Which brings me to my closing point. Tee left rather abruptly after Blu Sushi Lounge switched hands to a new owner, not liking the new guy's management style. And just like that, someone you spend hours working and hoofing it out with is gone from your life, likely forever. I can be a nostalgic and sentimental person, and I don't like the idea of "never again," whether it be friends, lovers or coworkers. It hurts me deeply no matter how shallow the connection. But that is the reality of the restaurant business. It is transient at best, employees coming and going like the wind, serving their own interests, because after all, it's just a job and your skills are applicable almost anywhere. People you come to like for their eccentricity leave, and fresh faces take their place.

This new guy at Va Pensiero is a very fresh installment in to the kitchen. He is the first American line cook I've ever worked with. Born and bred in Evanston, he also was in to music but somehow found his way to Kendall College and gained a sharp interest in food.

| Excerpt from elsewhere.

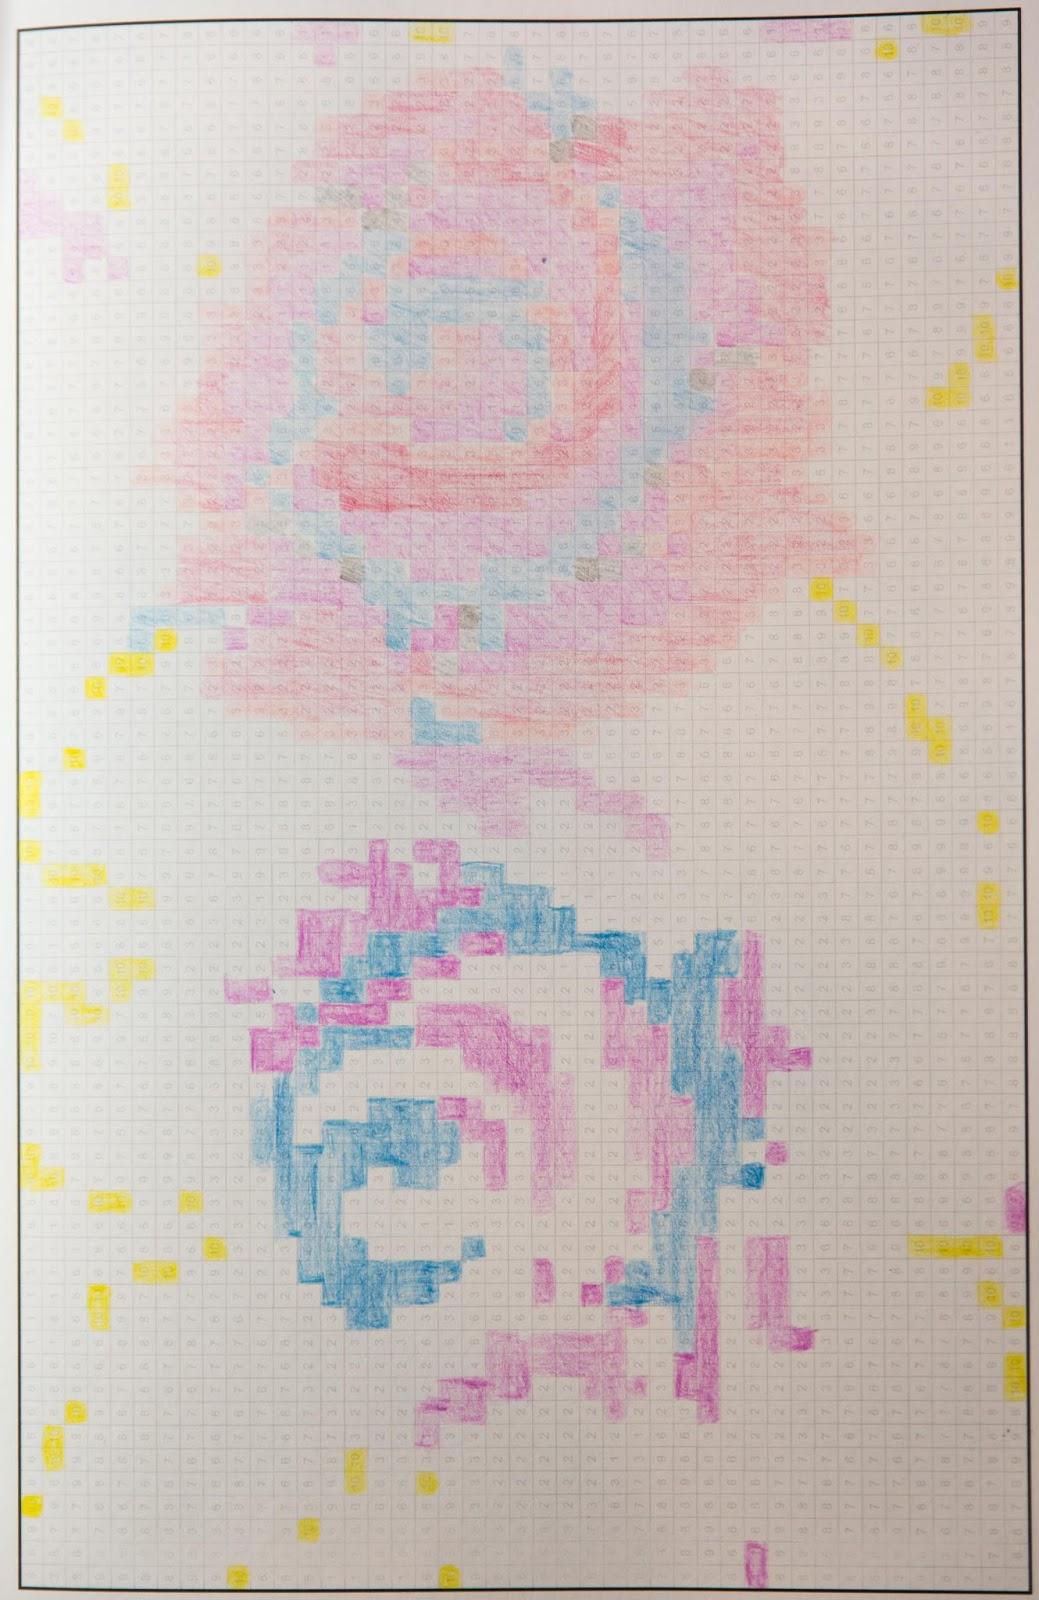 Kleurplaten Volwassenen Op Nummer.Mijn Bevindingen Met Kleuren Op Nummer Extreme Kleurpuzzels Voor

It's refreshing for me to be able to talk to someone who chose this profession as a lifestyle, as opposed to being forced to rely on it as a means of earning a living. I talk to him about all the restaurants he's worked in, Quince in Evanston, Spiaggia in Chicago (wonderful Italian restaurant that the Obamas went to for Valentine's Day... but he didn't cook for them). We talk about what kind of food we like, he gives me some tips on cooking, gives me insight in to American fine dining. Generally we've had a good relationship so far, us being almost the same age. Our favorite subject of discussion?

"Hey, have you ever been to Hot Doug's?"
"Dude ... please. He opens up again on the 5th. You game?"

I can tell that we are gonna be friends.